Package · cdo

Mental model

CDO is not an ORM and it is not a new database layer. It is a PDO that already knows how to bind values safely and how to speak your specific driver’s dialect. Hold that idea and every method falls into place.

The one idea

A value never touches the SQL string. It travels beside it, as a bind.

Everything CDO adds is a consequence of that. Qb doesn’t build a full query — it builds a fragment plus its binds. The DML methods don’t concatenate your data — they turn keys into :placeholders and hand the values to a typed binder. You compose fragments; the library keeps the values separate the whole way down.

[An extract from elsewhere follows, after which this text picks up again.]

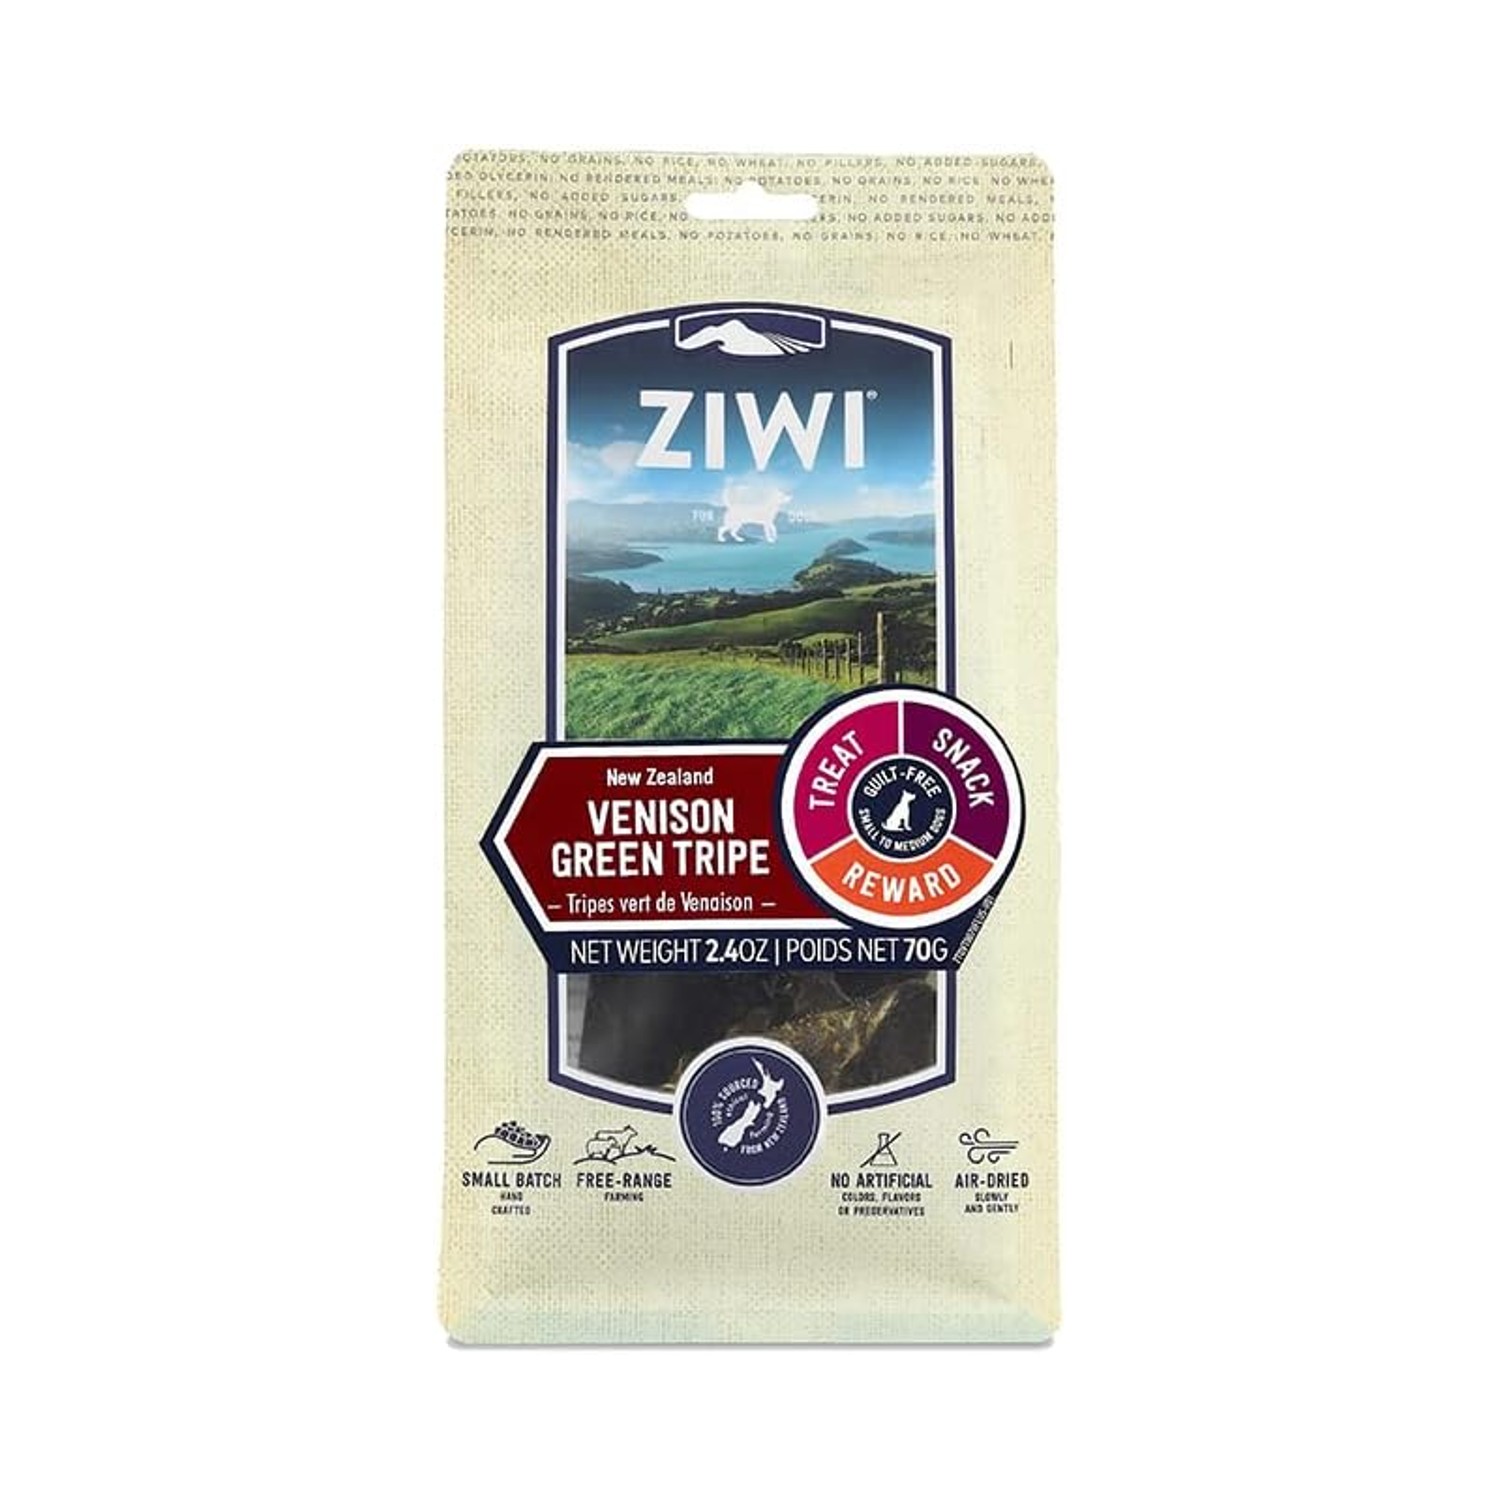 ZIWI All Natural Air-Dried Grain-free Chew Dog Treats - Venison Green Tripe
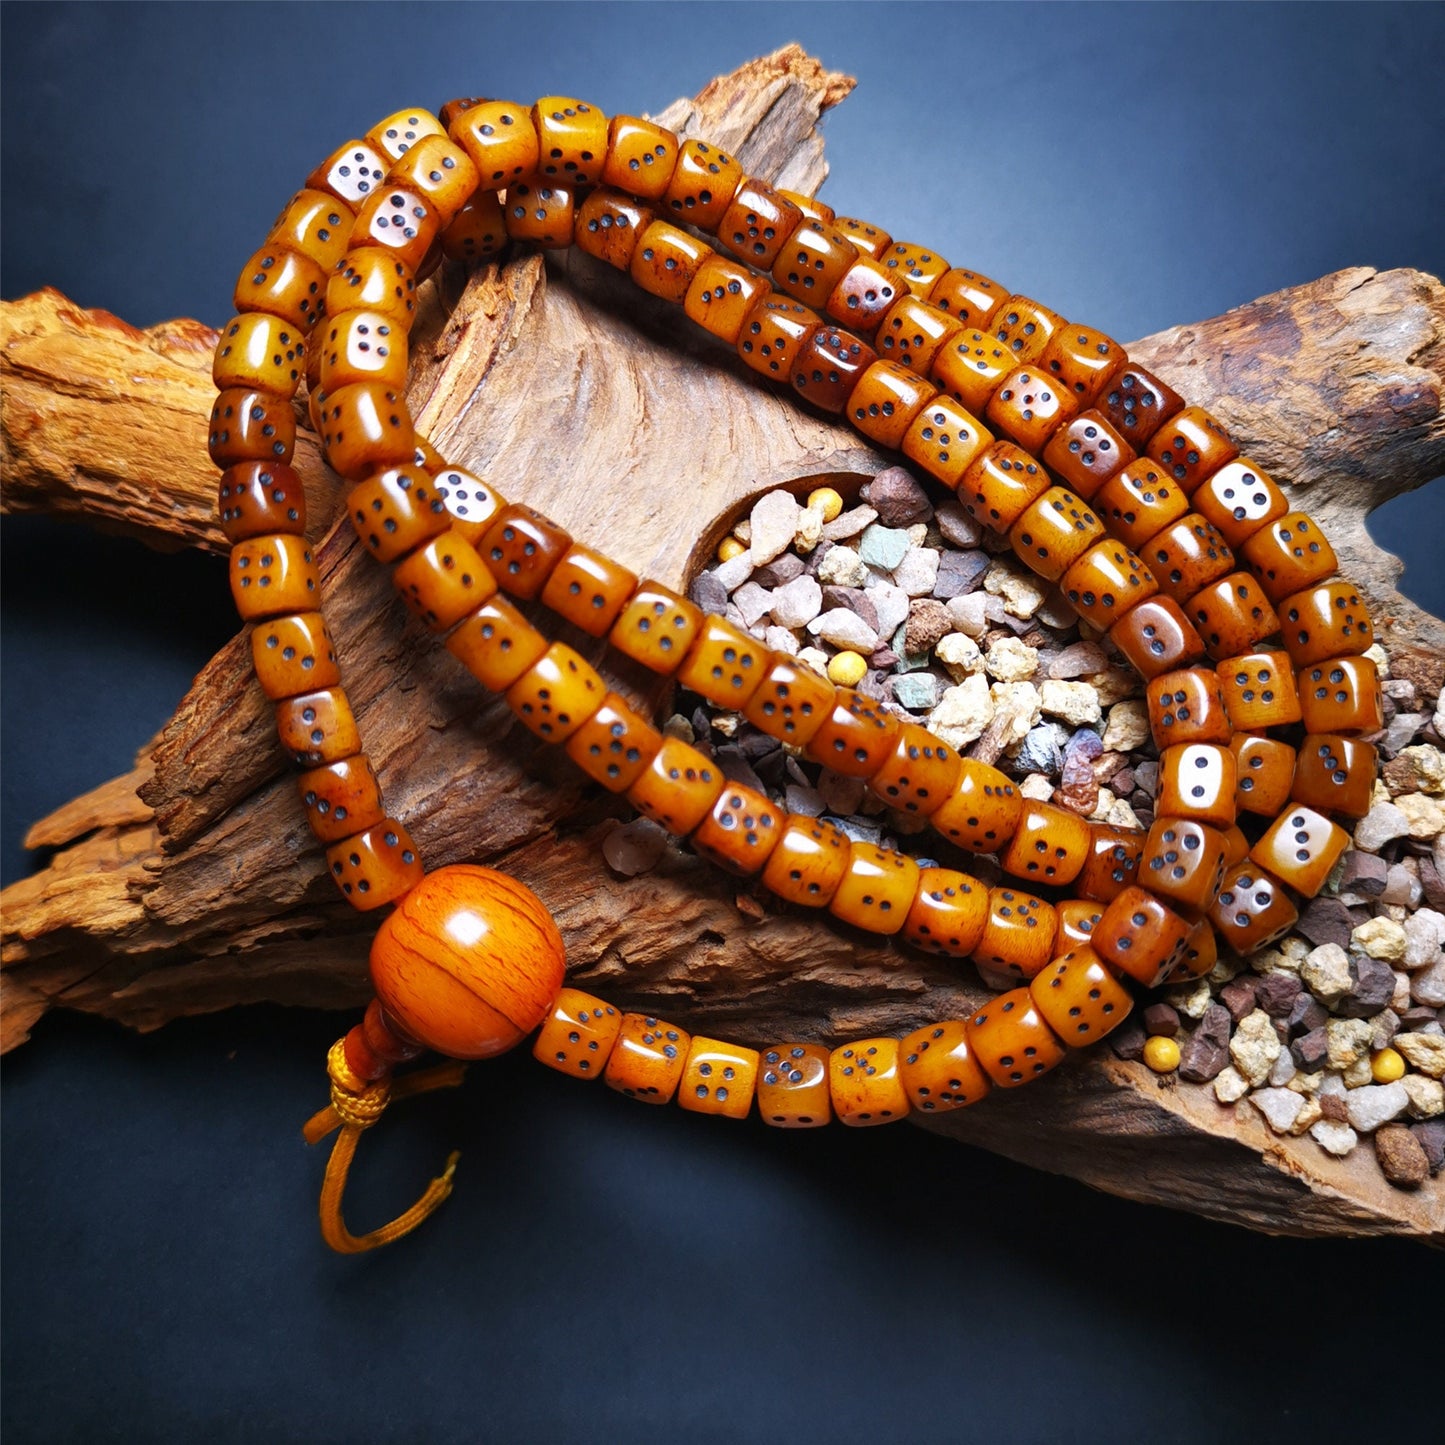 Gandhanra Handmade Tibetan Yak Bone Dice Beads Mala Bracelet,108 Prayer Beads Bracelet for Meditation

Two halves that meet at execute

CDO has two independent halves that only join when a statement runs:

text
  Qb (immutable)                 CDO (extends PDO)
─────────────                  ────────────────
Qb::eq('id', 5)         →      insert / update / delete / upsert
  ├─ query:  "id = :iqb0"        │
  └─ binds:  [:iqb0 => 5]        └─ CDOStatement.bindTypedValue()
                                      └─ picks PDO::PARAM_* by PHP type
  • Qb produces a getQuery() string and a getBinds() list. It is pure — no connection, no execution, fully testable on its own.
  • CDO owns the connection and the driver dialect. When you call update() or delete(), it stitches your Qb fragment into a statement and binds each value with the right type via CDOStatement.

Consequences (what follows from the idea)

  • Qb is immutable. Every factory returns a new instance; and / or / clip combine without mutating. (The addAnd / addOr family are the explicit mutable exception — see mutable building.)
  • Placeholders are auto-named. Qb mints :iqb0, :iqb1, … so you rarely name anything. When you want a shared or readable name, pass a CDOBind instead of a raw scalar.
  • null means different things by method. In Qb::eq it becomes IS NULL; in insert/upsert a null value is dropped from the column list entirely.
  • Types are inferred, not assumed. An int binds as PARAM_INT, a bool as PARAM_BOOL, an array as JSON, a DateTimeInterface as Y-m-d H:i:s. You don’t cast; the binder reads gettype(). See Parameter binding.

CDO is still PDO

class CDO extends PDO. That inheritance is deliberate: the convenience methods cover writes, but reads are plain PDO. There is no select() or findAll() — you prepare() / query() and fetch() yourself, using a Qb fragment for the WHERE. Transactions, cursors, and every PDO attribute work unchanged.

When you reach for what

Writing rows → CDO’s insert / upsert / update / delete. Reading rows → PDO’s prepare + Qb::…->getQuery() + getBinds(). Building a condition in isolation (even to unit-test it) → Qb alone, no connection needed.

What CDO deliberately is not

  • Not an ORM — no entities, no identity map, no lazy relations. Arrays and plain objects in, arrays out.
  • Not a schema tool — no migrations or DDL helpers. You create tables yourself.
  • Not a full SELECT builderQb builds WHERE-shaped fragments (and CASE), not joins, projections, or ordering.

Knowing the boundary is the point: CDO removes the risky, repetitive part of data access — binding and dialect — and leaves the rest to PDO and SQL you already know.